うつ病の人に喫茶店をおすすめしたい理由
私がうつ病の人に喫茶店をおすすめしたい理由があります。
それは、喫茶店には「人との距離が近い空間」があるからです。
もちろん、お店によって雰囲気は違います。
ですが、個人経営の静かな喫茶店では、他にお客さんが少ない時、店主さんや店員さんが自然に話しかけてくださることがあります。
喫茶店には、本当にいろいろなお客さんが来ます。
高齢の方、仕事帰りの人、一人で静かに過ごしたい人、誰かと話したい人。
だからこそ、長くお店をやっている店主さんは、「相手に合わせて話す」のがとても上手だったりするのです。
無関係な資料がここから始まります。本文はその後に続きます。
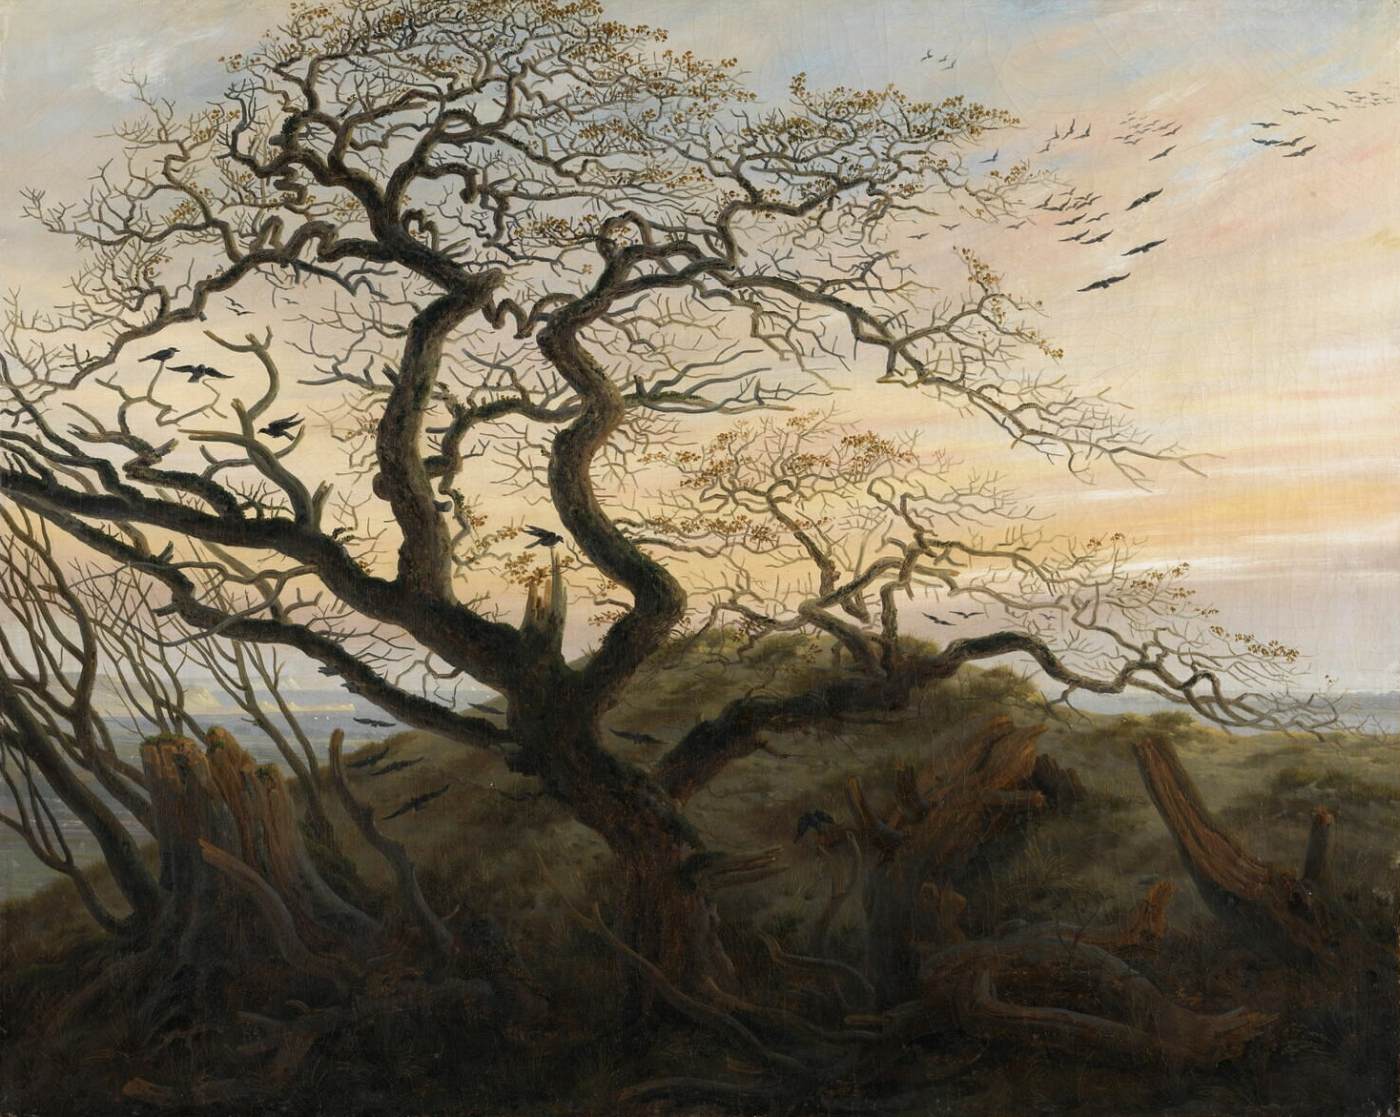 L'arbre des corbeaux

うつ病の時は、人と話すこと自体が苦しくなることがあります。
「ちゃんと返事しなきゃ」
「気を遣わなきゃ」
そう考えるだけで疲れてしまいます。
でも、喫茶店の中には、こちらが無理に合わせなくても、自然に会話を合わせてくださる人がいます。
だから、少し話しやすかったりするのです。
しかも、ただ会話をするだけではありません。
ランチを食べたり、外へ出たり、「また行こうかな」と思える場所になることがあります。
店主さんによっては、
「この人はこういう話が好きそうだな」
と感じ取って、話題を選んでくださることもあります。
そういう小さなやり取りが、うつ病の時には意外と大きな支えになることがあります。
だから私は、「自分が少し安心できる喫茶店」を見つけるのは、とても良いことだと思っています。
それはリハビリの場所にもなるからです。
もちろん、無理やり家族に連れて行かれるのではなく、自分で「ここ、ちょっといいな」と思える場所を見つけることが大切だと思います。
そして、それは必ずしも喫茶店でなくてもいいのです。
自分の趣味のお店でもいい。
話し上手な人がいる場所でもいい。
「また行きたい」と少し思える場所があるだけで、閉じこもった生活の中に、小さな変化が生まれることがあるのだと思います。